By Ron Wilson, Altera
FinFET is the latest buzzword in electronics design industry today. Everyone is talking about FinFETs—arguably the biggest change in transistors since commercialization of the MOSFET in the 1960s. And nearly everyone—except perhaps enthusiasts of fully-depleted silicon on insulator (FDSOI)—accepts that beyond the 20 nm node, FinFETs are the future of SoCs. But what does that future hold for a system developer who will use these SoCs?.
The best way to answer that question may be to find out what FinFETs will mean to circuit designers—analog and digital—and then to SoC designers. From this information we can infer what FinFETs will mean at the system level.
What’s make FinFETs Different?
Enough has been said about the thinking behind FinFETs and about their structure (Figure 1) that we needn’t repeat those discussions here. We are more interested in how FinFETs differ from planar MOSFETs in the eyes of the circuit designer. For that question a technical panel at this year’s Design Automation Conference (DAC) provided a unique window into the thinking of analog designers.
“Analog Design with FinFETs,” rather curiously subtitled “The Gods Must Be Crazy” presented the views of four experts: foundry representatives Eric Soenen of TSMC and Richard Trihy of Globalfoundries, tool expert Navraj Nandra of Synopsys, and design manager Scott Herrin of Freescale. The discussion opened on the electrical characteristics of the new transistors.
On the positive side, Herrin pointed out that FinFETs offered the promise of high gain with low subthreshold leakage current.
Nandra added “The intrinsic gain is high, but transconductance (gm) is actually lower for FinFETs, as is frequency (ft). Matching is much better than with advanced-geometry planar devices, and the transistor characteristics are better-controlled. The result is that you can build higher-performance circuits. And there are other pleasant surprises. For example, current sources are smaller, so you can build smaller data converters.”

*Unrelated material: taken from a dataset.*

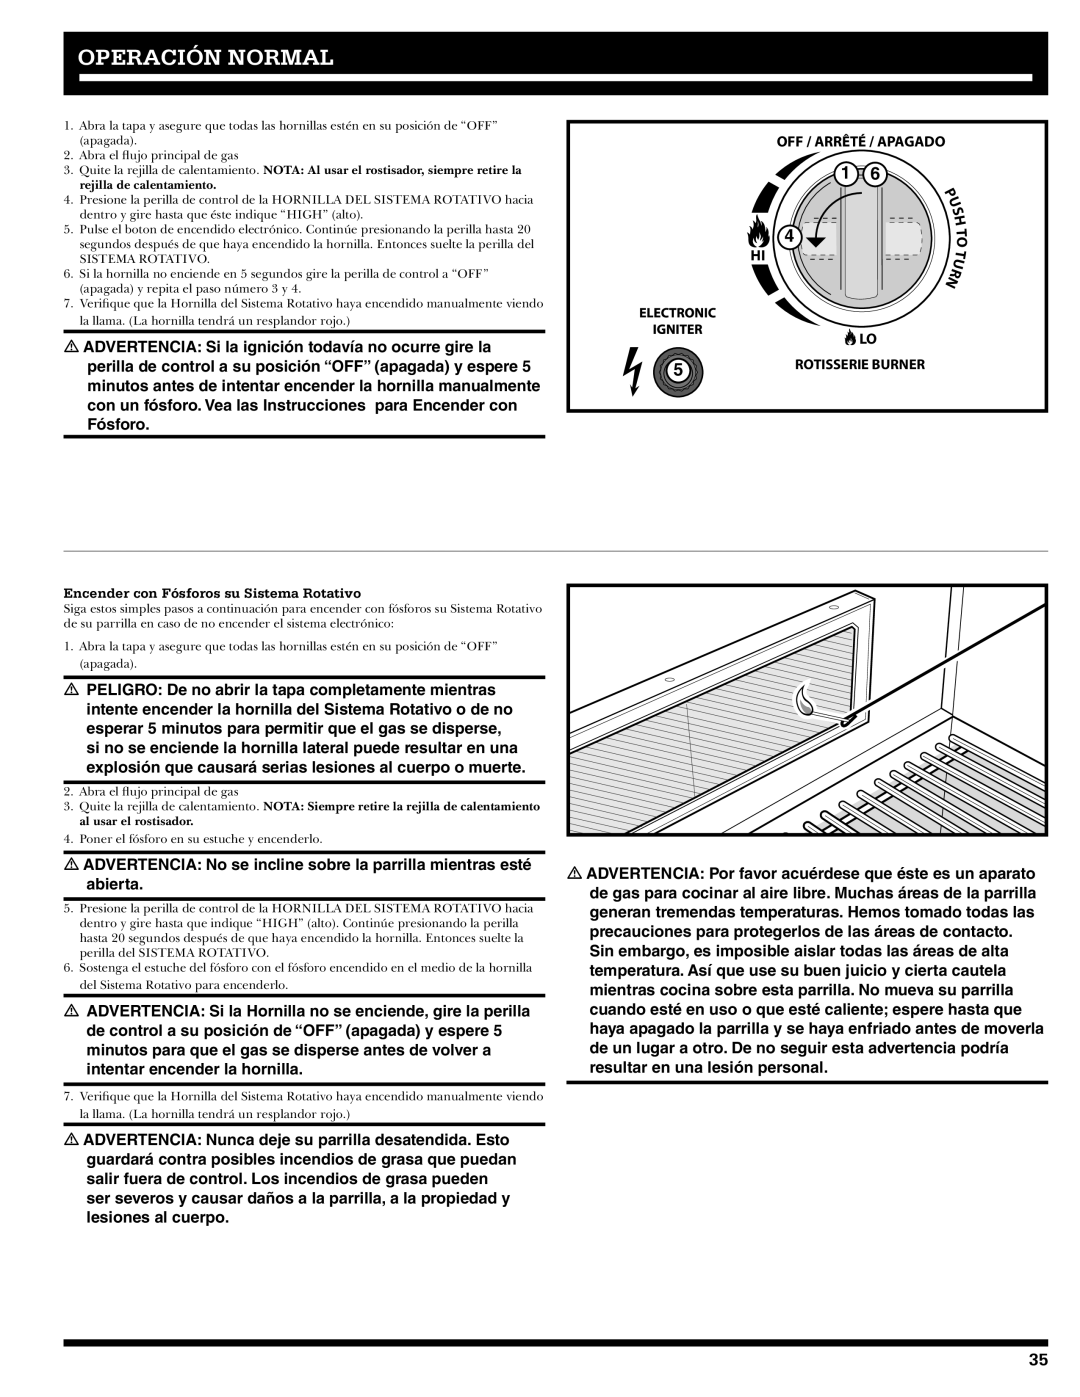 Ducane 2020805 owner manual Operación Normal, Encender con Fósforos su Sistema Rotativo 
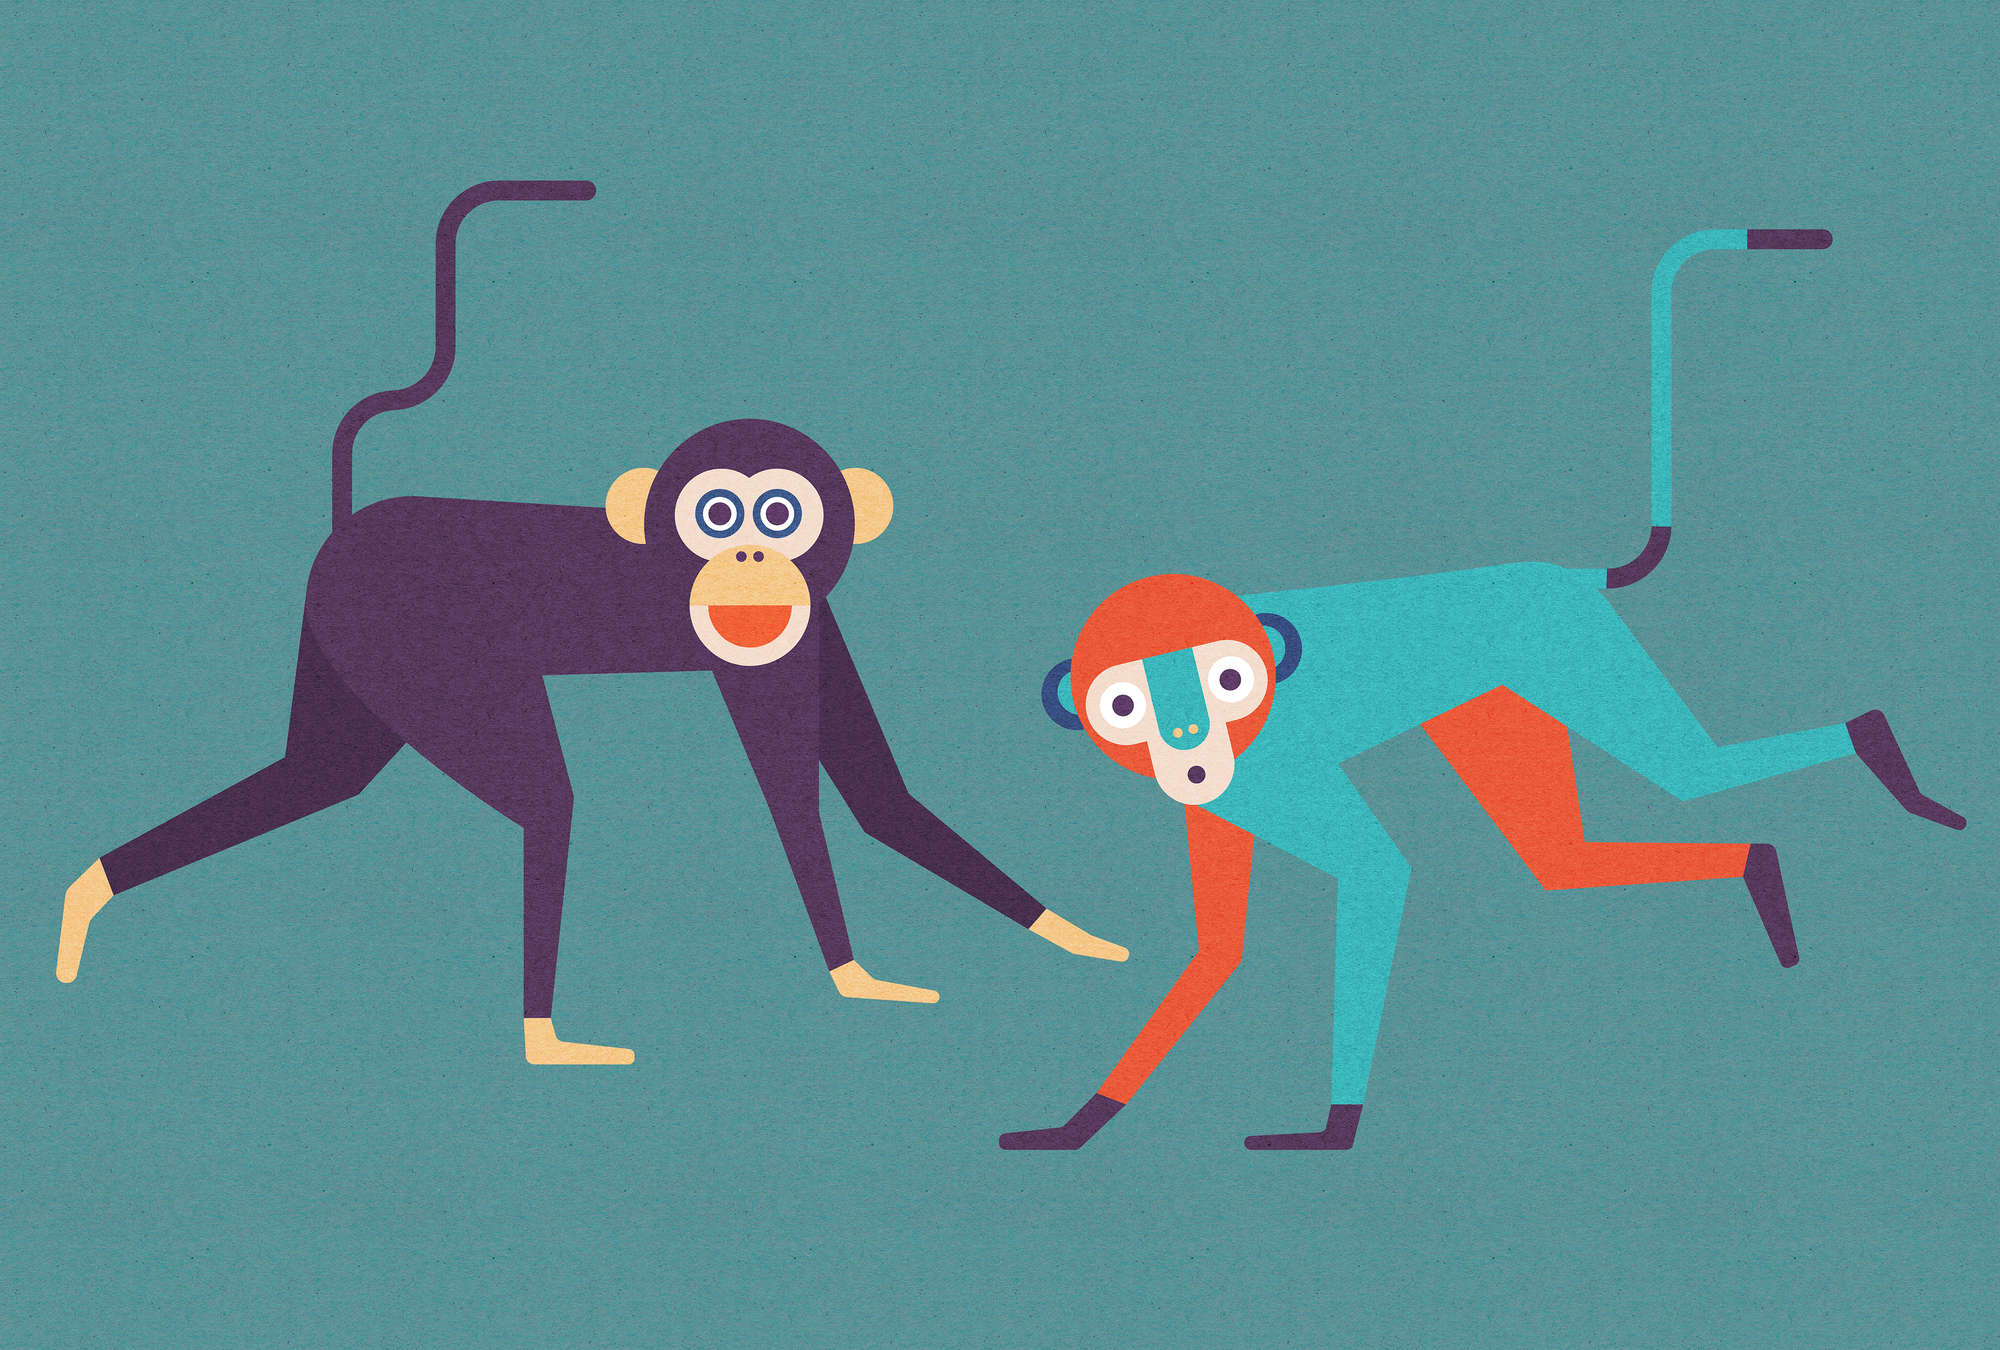             Monkey Business 1 - Fototapete in Pappe Struktur, Affen-Bande im Comic-Stil – Beige, Orange | Mattes Glattvlies

But there are challenges, too. Both gm and gd are lower, gate leakage is higher, and gate capacitance can be twice that of a same-sized planar device, Nandra said. And perhaps the most-publicized point, as Soenen remarket, is that FinFET gate widths are quantized: every transistor on a wafer has the same nominal gate width. So analog designers who are used to picking values of w for individual transistors can only put a number of identical FinFETs in parallel—in effect, w as a circuit parameter goes from a continuous variable to a set of small positive integers.
Layout Issues
Quantization, by replacing width-scaled transistors with multiple minimum-width transistors, will change layout practices. For example, Nanda said, Synopsys has a tool to convert gate-width ratios into the necessary number of fins. But in a presentation separate from the panel, Cadence vice president for silicon sign-off Anirudh Devgan cited more serious layout issues.
“The complexity of multipatterning will get worse as we move to more advanced geometries,” Devgan said. “And as it gets worse, it will become much harder to predict design-rule errors. Errors become context-dependent.”
Some of the rules are familiar: spacing rules to reduce coupling and shape rules for lithography, for example. Double-patterning adds coloring rules to ensure that the finest patterns can be broken into two separate masks. And there are relatively new layout-dependent effects, among which Devgan cited six—including well proximity and poly spacing—that have significant impact on transistor behavior. To show the scale of the problem, Devgan said there are already about 5,000 layout rules to check at 20 nm.
One result of this complexity for analog designers and digital cell-library developers is that it becomes nearly impossible to create DRC-clean-by-construction layouts. Designers must anticipate multiple iterations as extraction and DRC reveal layout problems. “This costs weeks,” Devgan warned. “Already 40 percent of design time goes into achieving closure.”
Modeling Challenges
In addition to these differences in transistor behavior, FinFETs present another set of issues for the circuit designer: the simulation models are structurally different from those for planar MOSFETs, and much more complex (Figure 2). “If you look at the model, there is a ten-times increase in the number of parasitic capacitors,” Trihy warned. “It is not clear that table-driven simulators can even handle FinFETs.”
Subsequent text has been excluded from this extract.